**PROVIDED DATA**
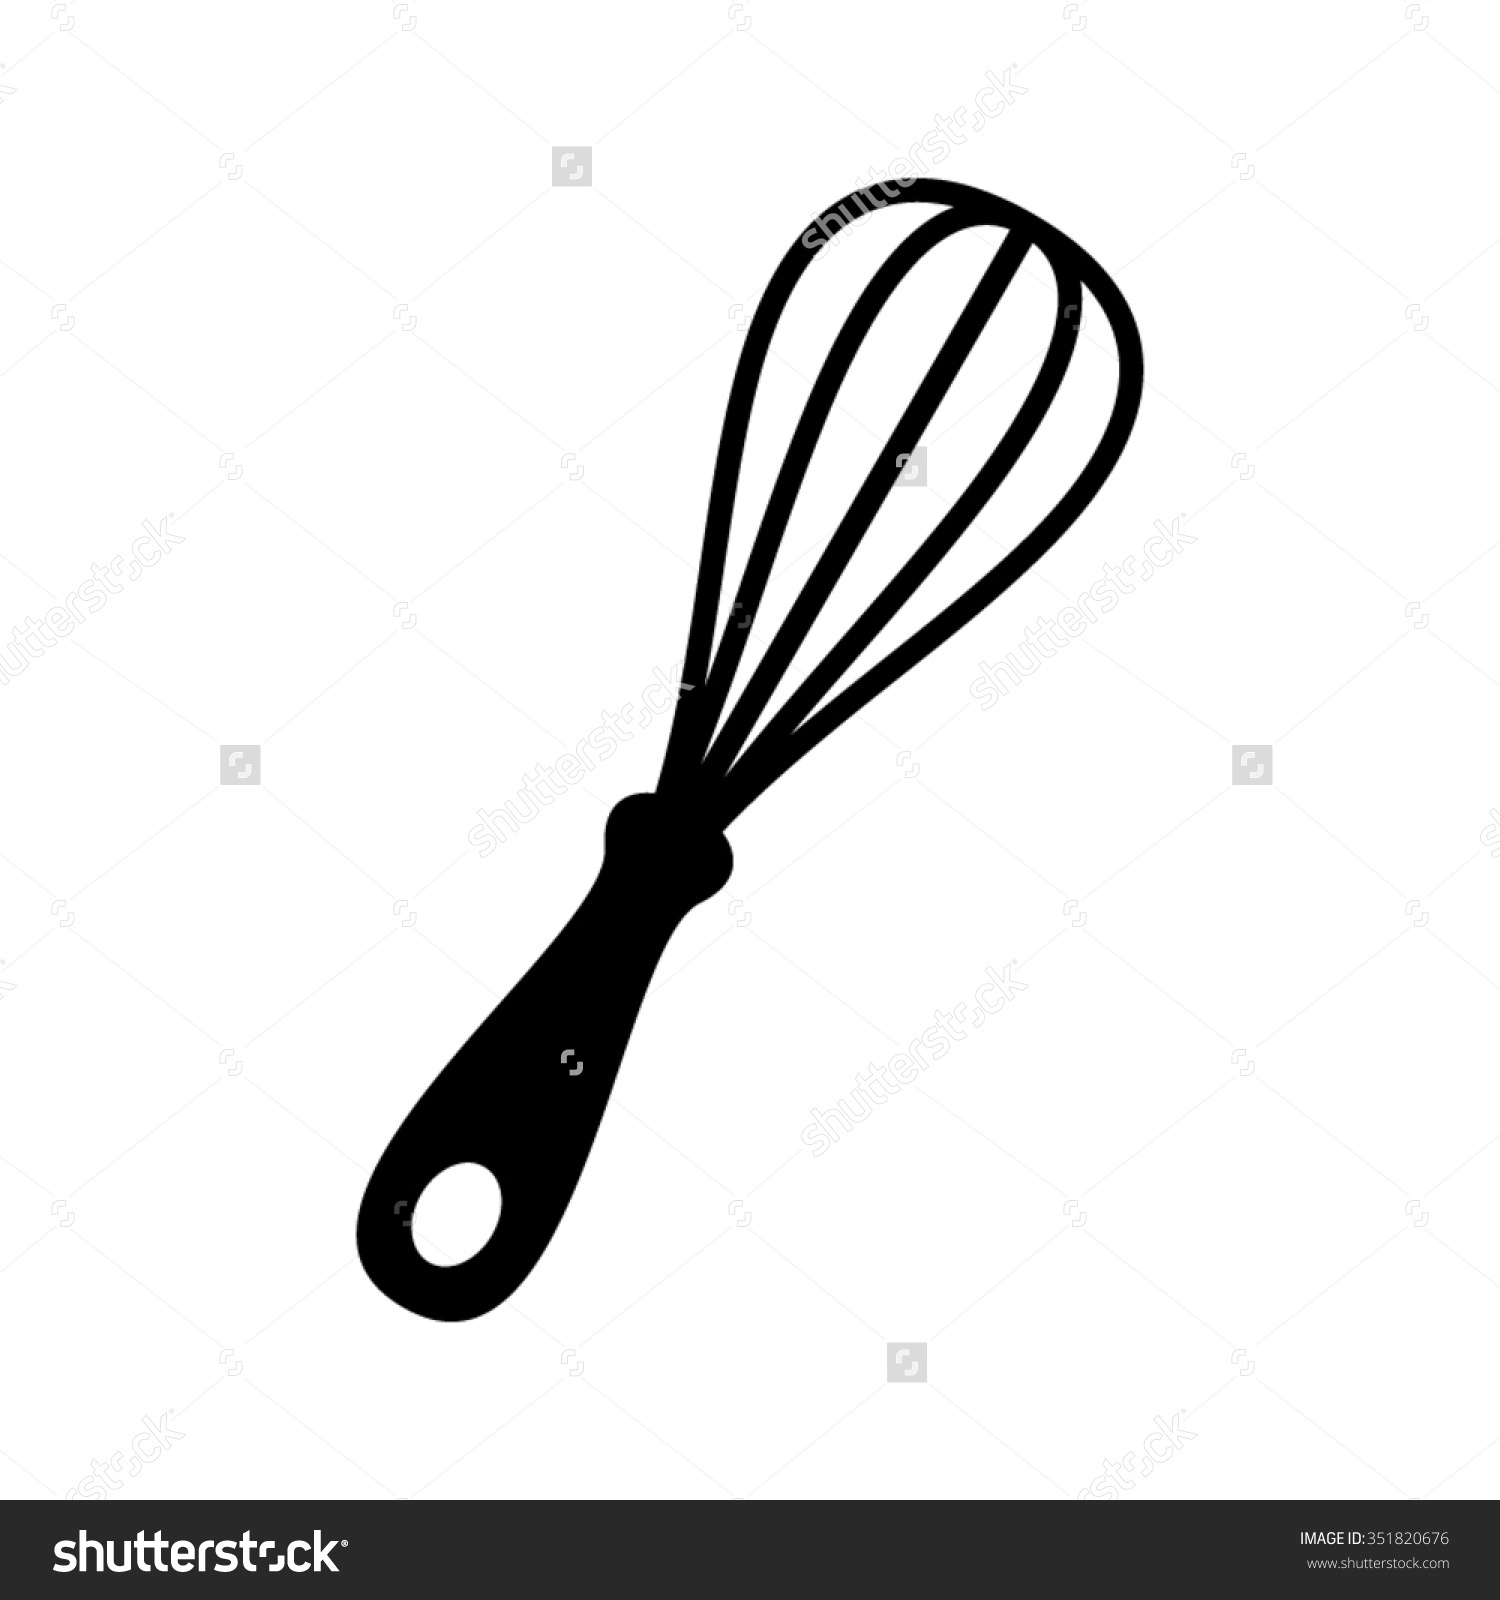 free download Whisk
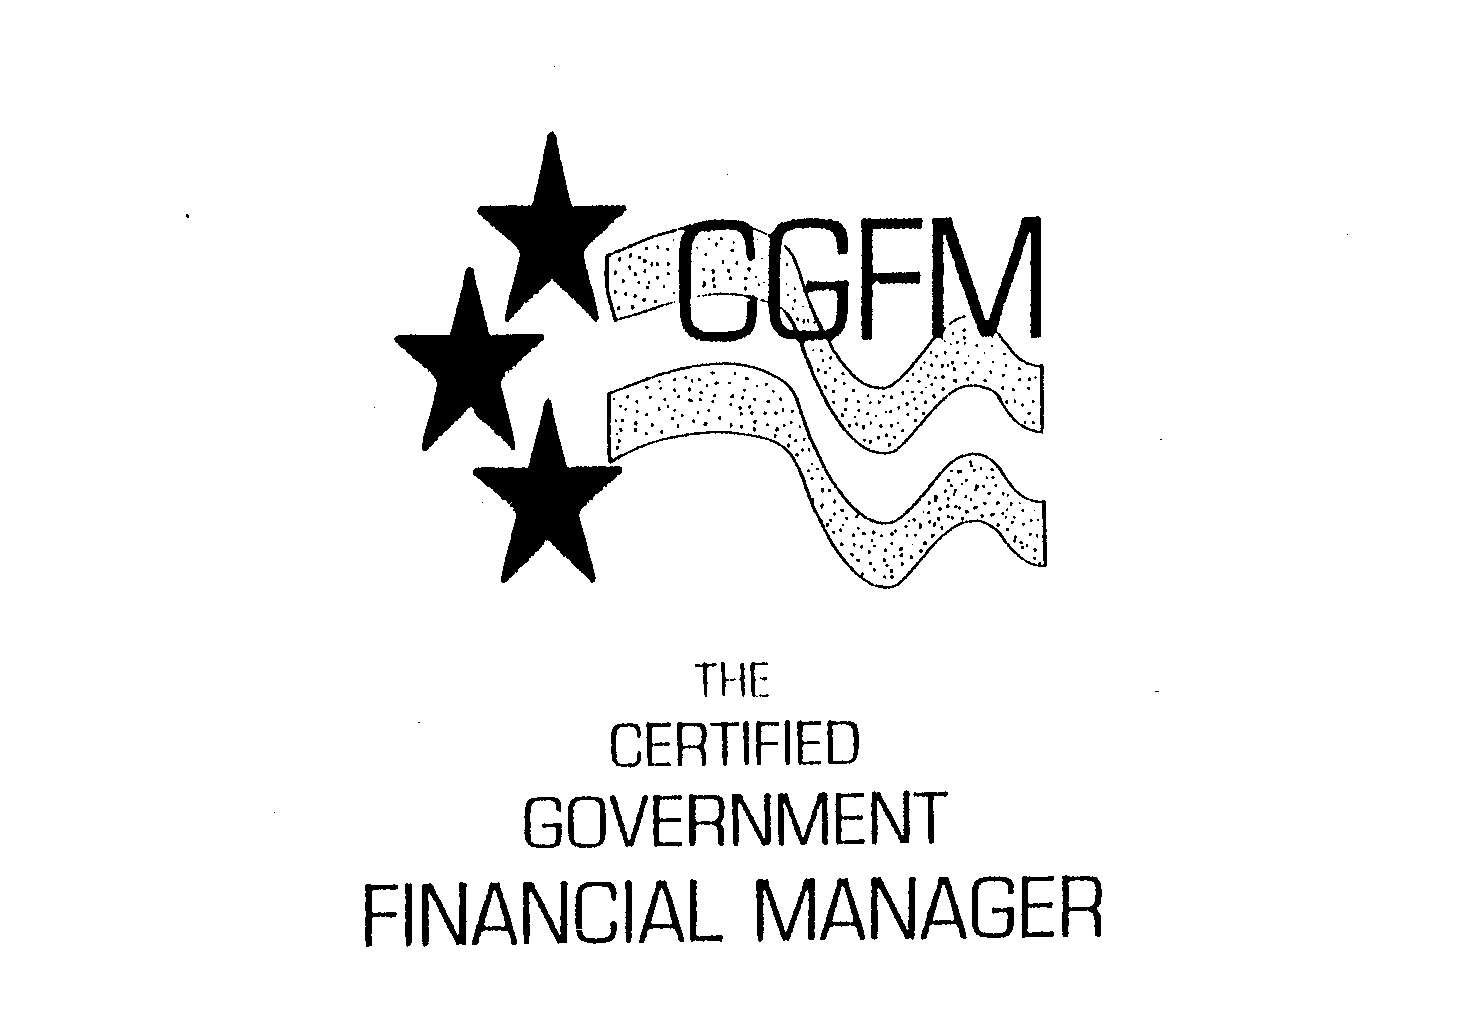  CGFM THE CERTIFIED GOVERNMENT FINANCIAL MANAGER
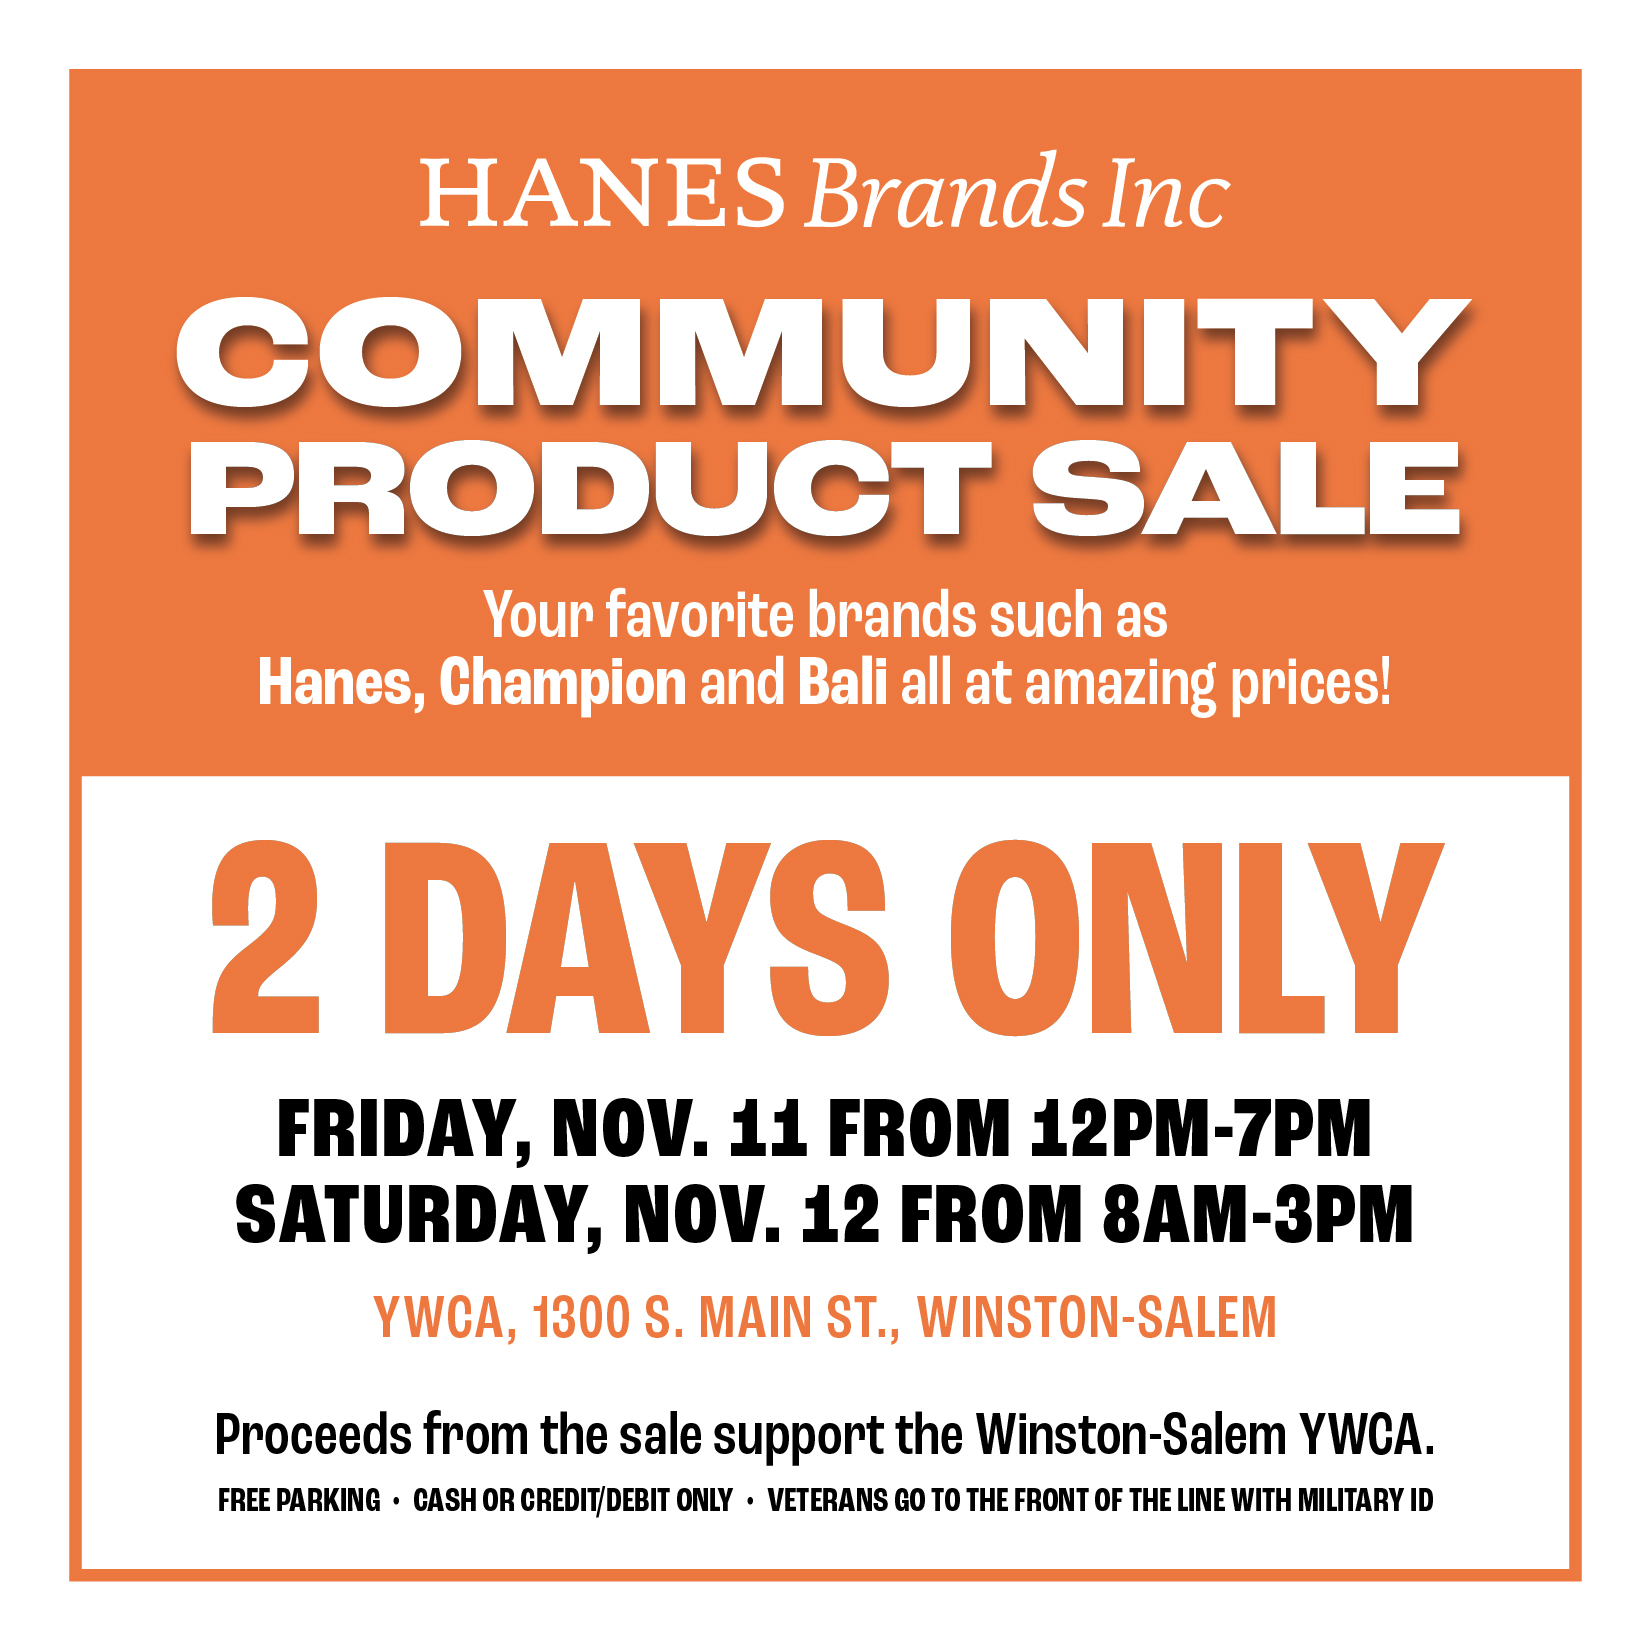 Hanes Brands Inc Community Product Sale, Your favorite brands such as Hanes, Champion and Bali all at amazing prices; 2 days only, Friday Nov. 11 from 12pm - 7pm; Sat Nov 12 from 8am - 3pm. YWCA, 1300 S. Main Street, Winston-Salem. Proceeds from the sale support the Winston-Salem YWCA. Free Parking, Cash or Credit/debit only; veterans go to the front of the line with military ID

**WORK TO BE COMPLETED**
Every line from the one with "CGFM THE CERTIFIED" through the last line of the listing above must be written out exactly, and no picture may appear.

**FINAL ANSWER**
  CGFM THE CERTIFIED GOVERNMENT FINANCIAL MANAGER
 Hanes Brands Inc Community Product Sale, Your favorite brands such as Hanes, Champion and Bali all at amazing prices; 2 days only, Friday Nov. 11 from 12pm - 7pm; Sat Nov 12 from 8am - 3pm. YWCA, 1300 S. Main Street, Winston-Salem. Proceeds from the sale support the Winston-Salem YWCA. Free Parking, Cash or Credit/debit only; veterans go to the front of the line with military ID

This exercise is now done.